+++ RAW DATA +++
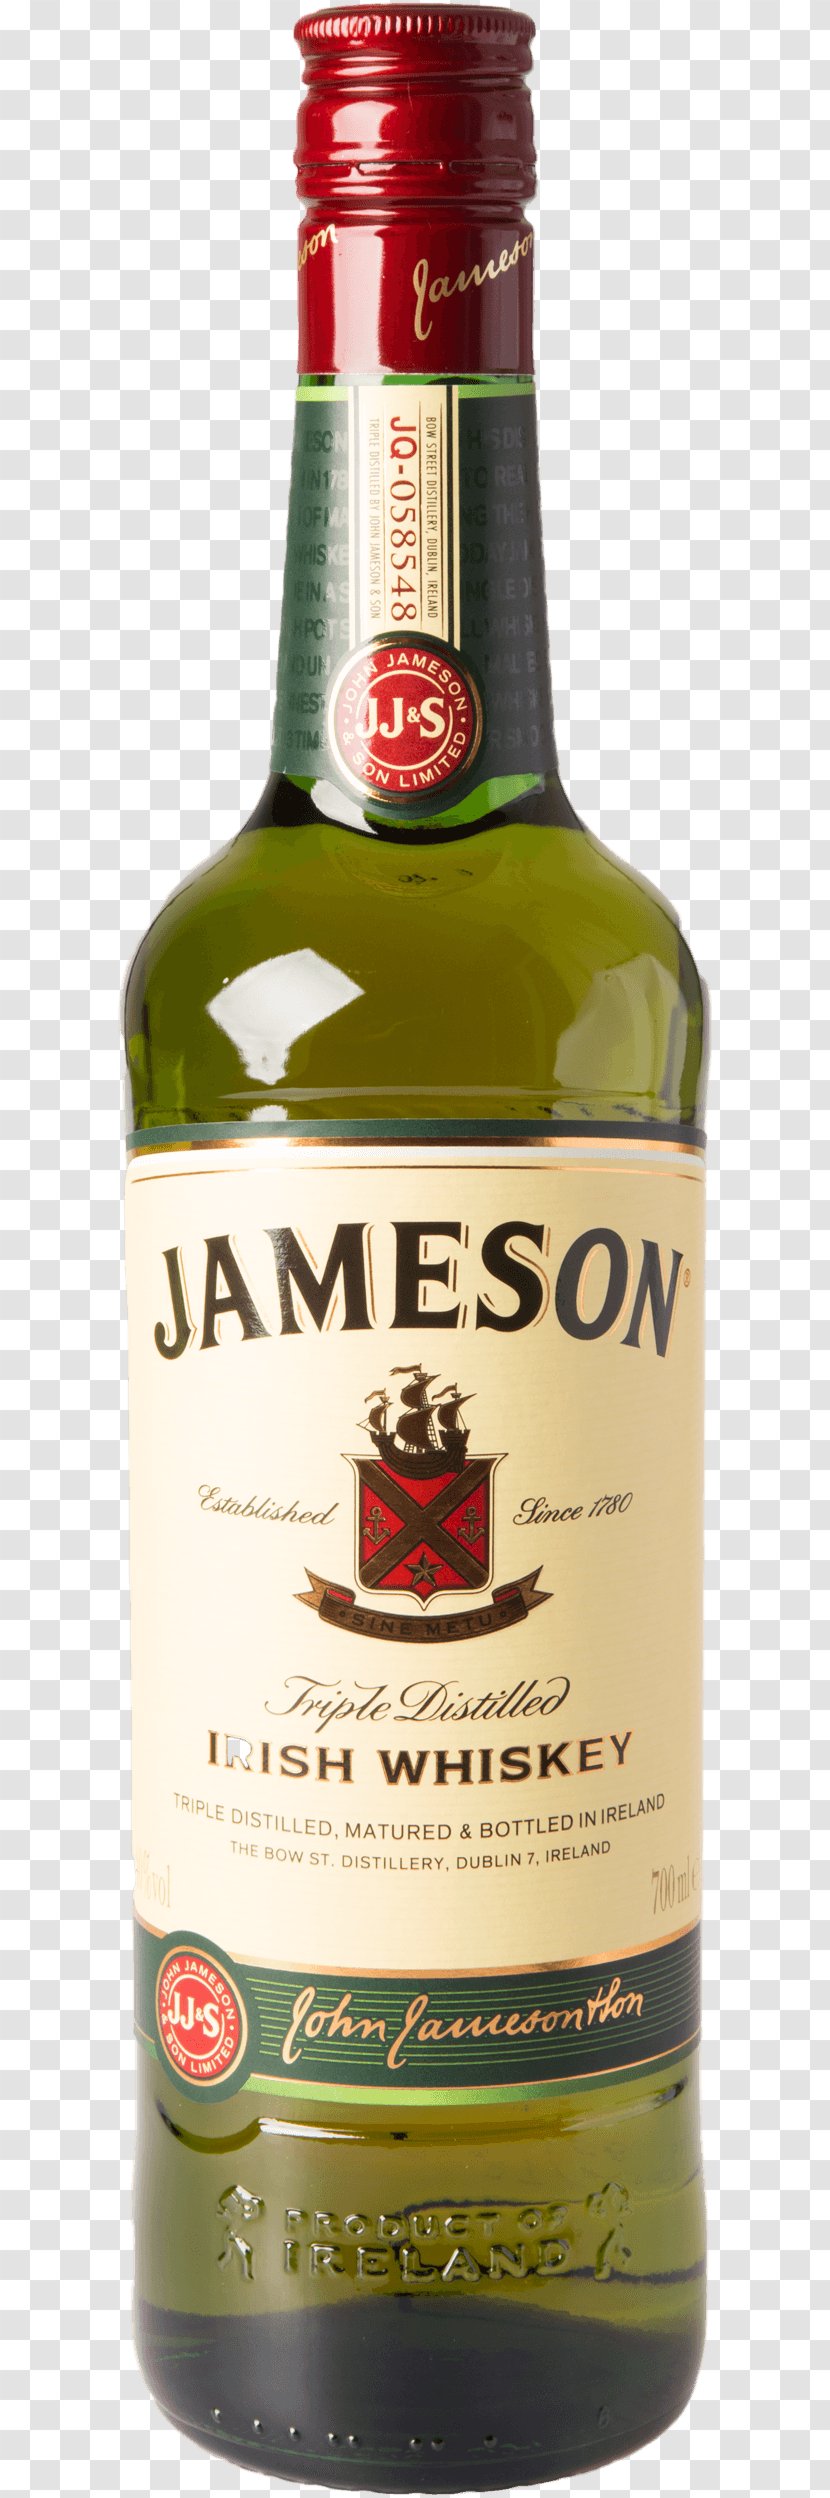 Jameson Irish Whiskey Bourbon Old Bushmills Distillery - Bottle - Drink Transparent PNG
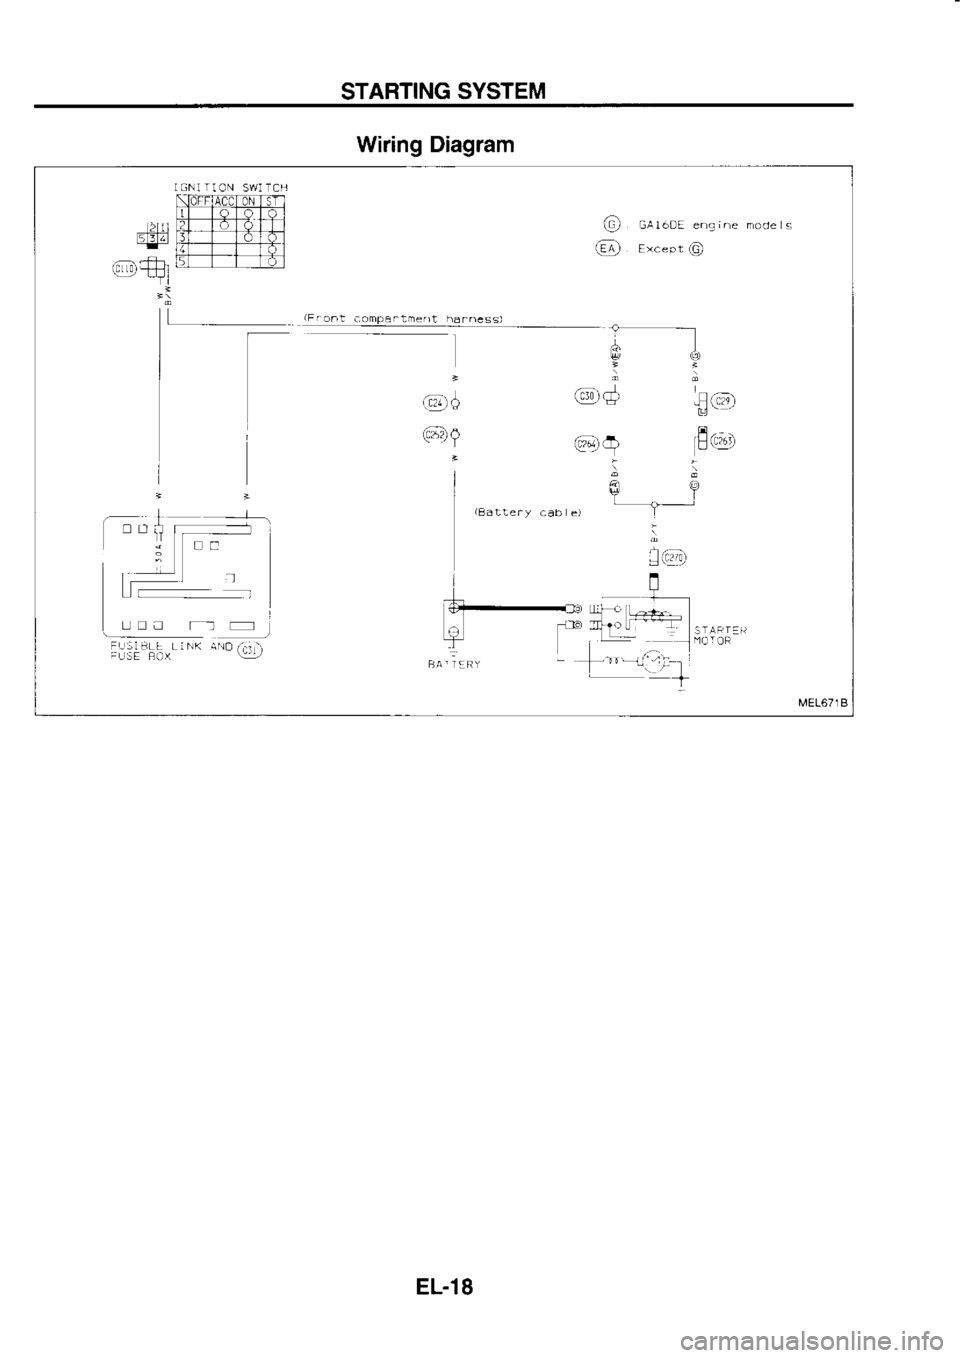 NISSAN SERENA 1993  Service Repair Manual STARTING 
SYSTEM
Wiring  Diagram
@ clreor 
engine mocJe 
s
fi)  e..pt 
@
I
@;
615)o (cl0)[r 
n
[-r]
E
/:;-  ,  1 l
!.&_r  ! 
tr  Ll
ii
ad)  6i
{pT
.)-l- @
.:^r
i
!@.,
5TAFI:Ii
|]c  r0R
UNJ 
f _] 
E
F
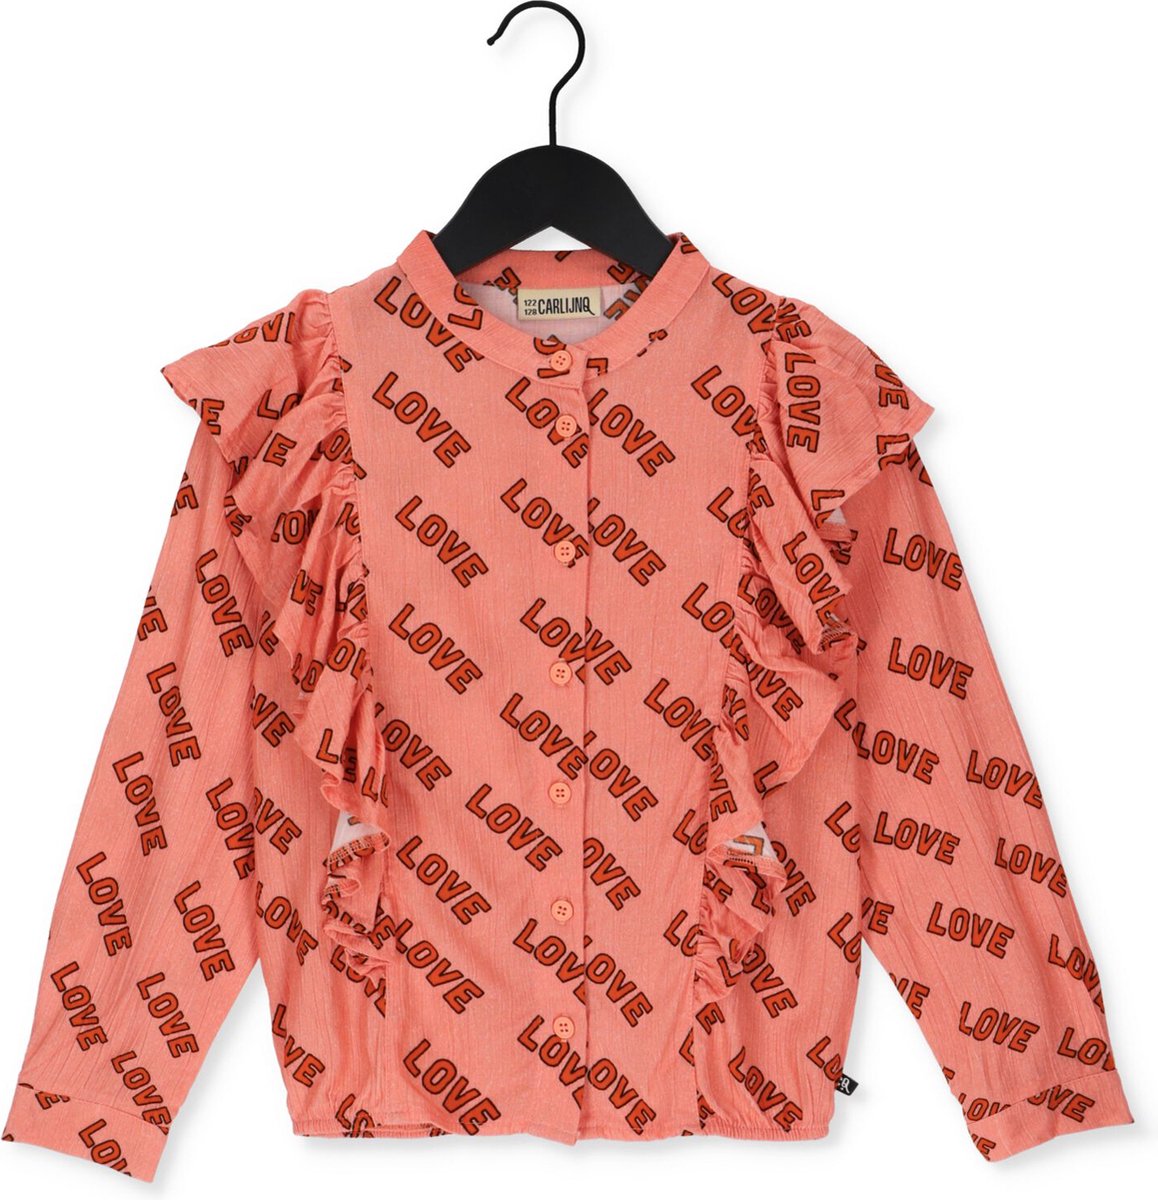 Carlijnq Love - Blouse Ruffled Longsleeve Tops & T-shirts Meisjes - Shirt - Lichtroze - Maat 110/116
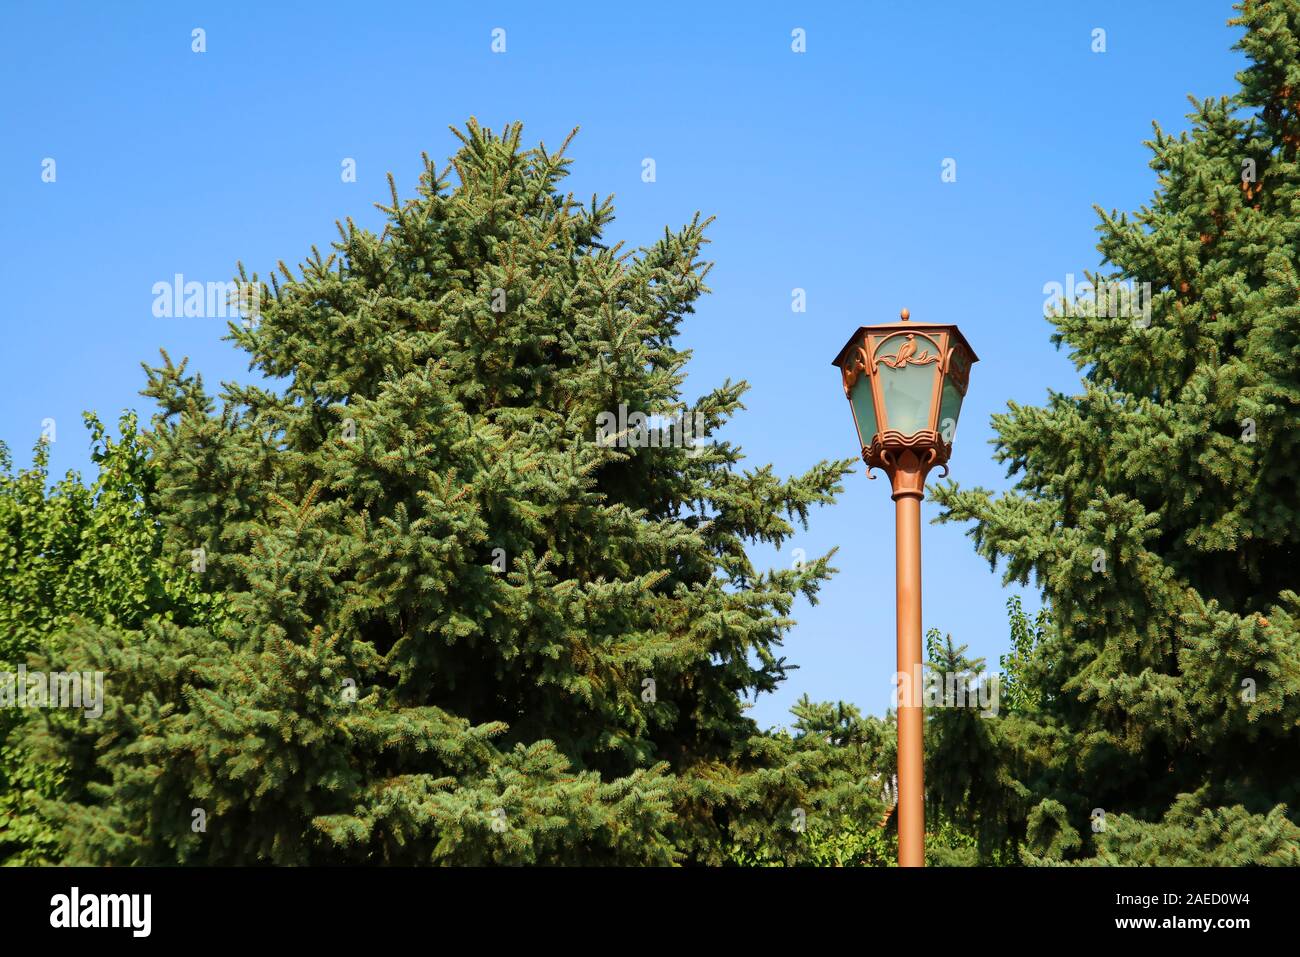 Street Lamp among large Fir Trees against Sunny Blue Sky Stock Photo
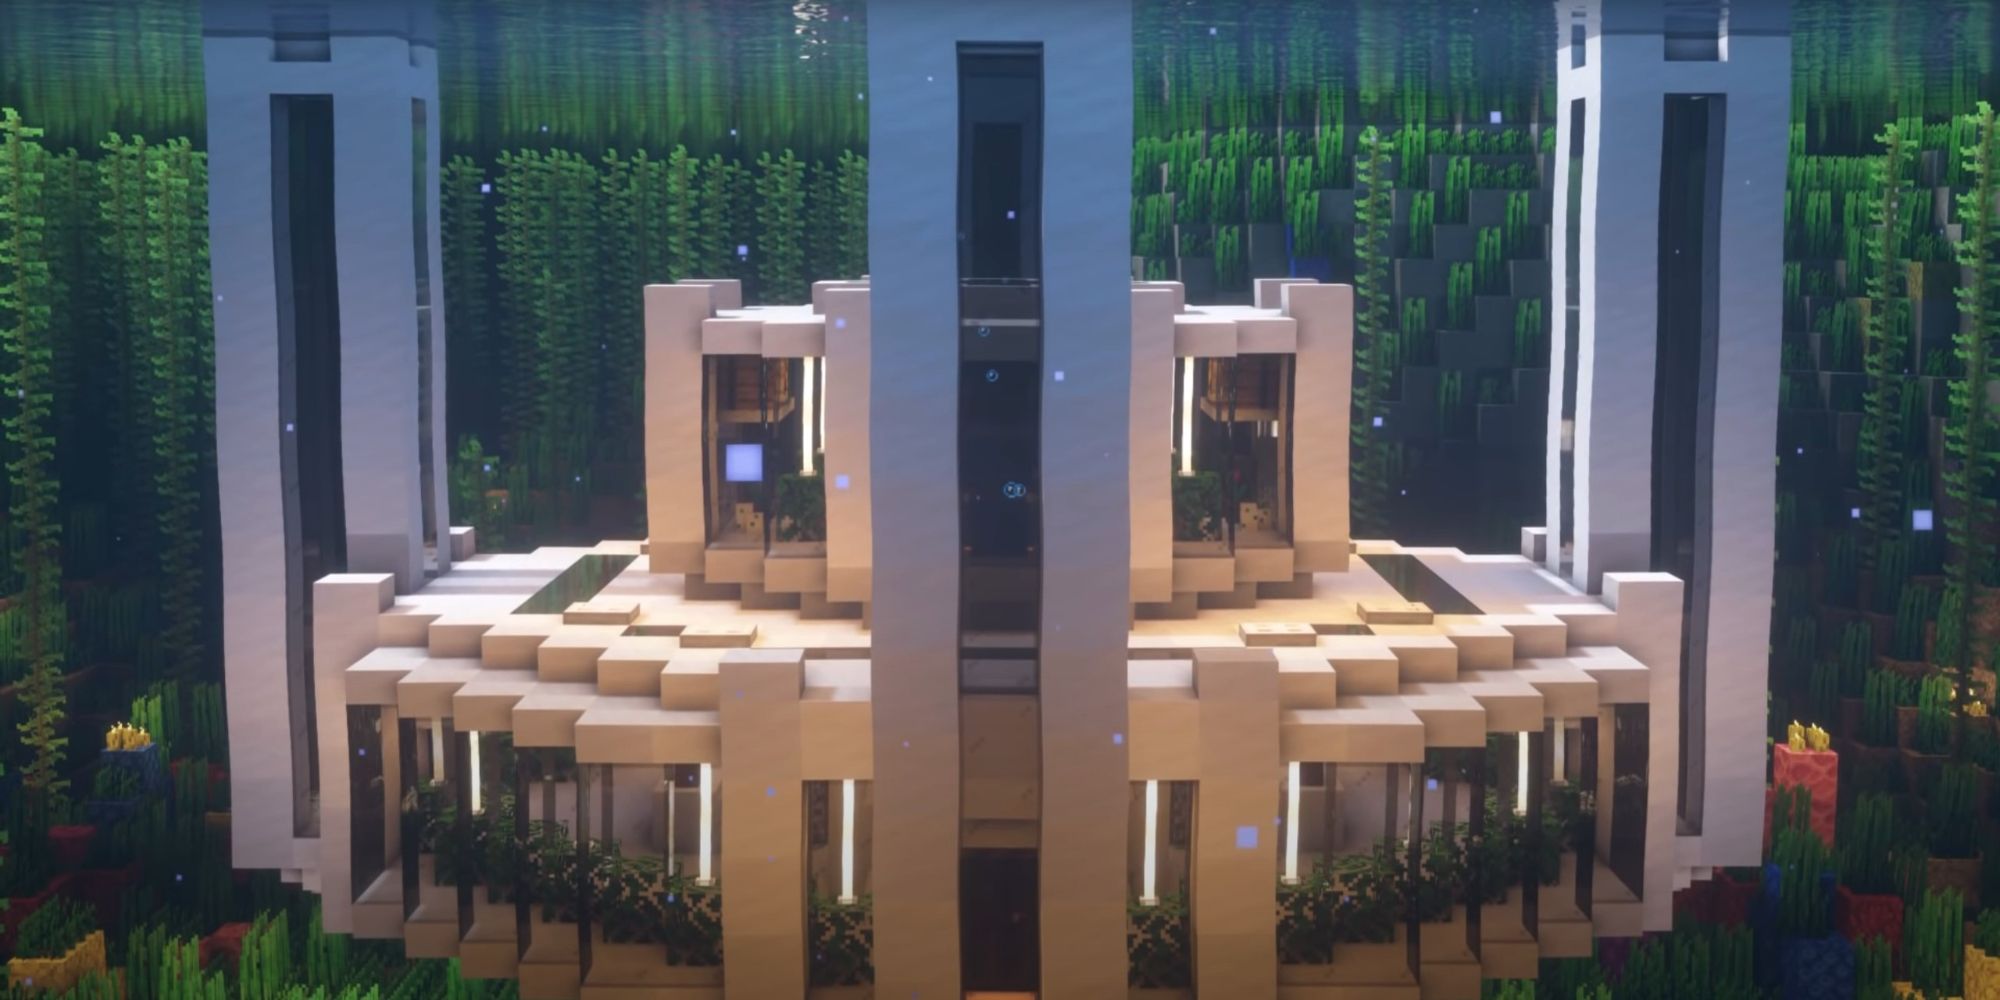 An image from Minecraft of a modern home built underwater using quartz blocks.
+++
Above are the records; copy them exactly without the pictures.

EXERCISE ANSWER >>
 Jameson Irish Whiskey Bourbon Old Bushmills Distillery - Bottle - Drink Transparent PNG
 NISSAN SERENA 1993  Service Repair Manual STARTING 
SYSTEM
Wiring  Diagram
@ clreor 
engine mocJe 
s
fi)  e..pt 
@
I
@;
615)o (cl0)[r 
n
[-r]
E
/:;-  ,  1 l
!.&_r  ! 
tr  Ll
ii
ad)  6i
{pT
.)-l- @
.:^r
i
!@.,
5TAFI:Ii
|]c  r0R
UNJ 
f _] 
E
F
 Carlijnq Love - Blouse Ruffled Longsleeve Tops & T-shirts Meisjes - Shirt - Lichtroze - Maat 110/116
 Street Lamp among large Fir Trees against Sunny Blue Sky Stock Photo
 An image from Minecraft of a modern home built underwater using quartz blocks.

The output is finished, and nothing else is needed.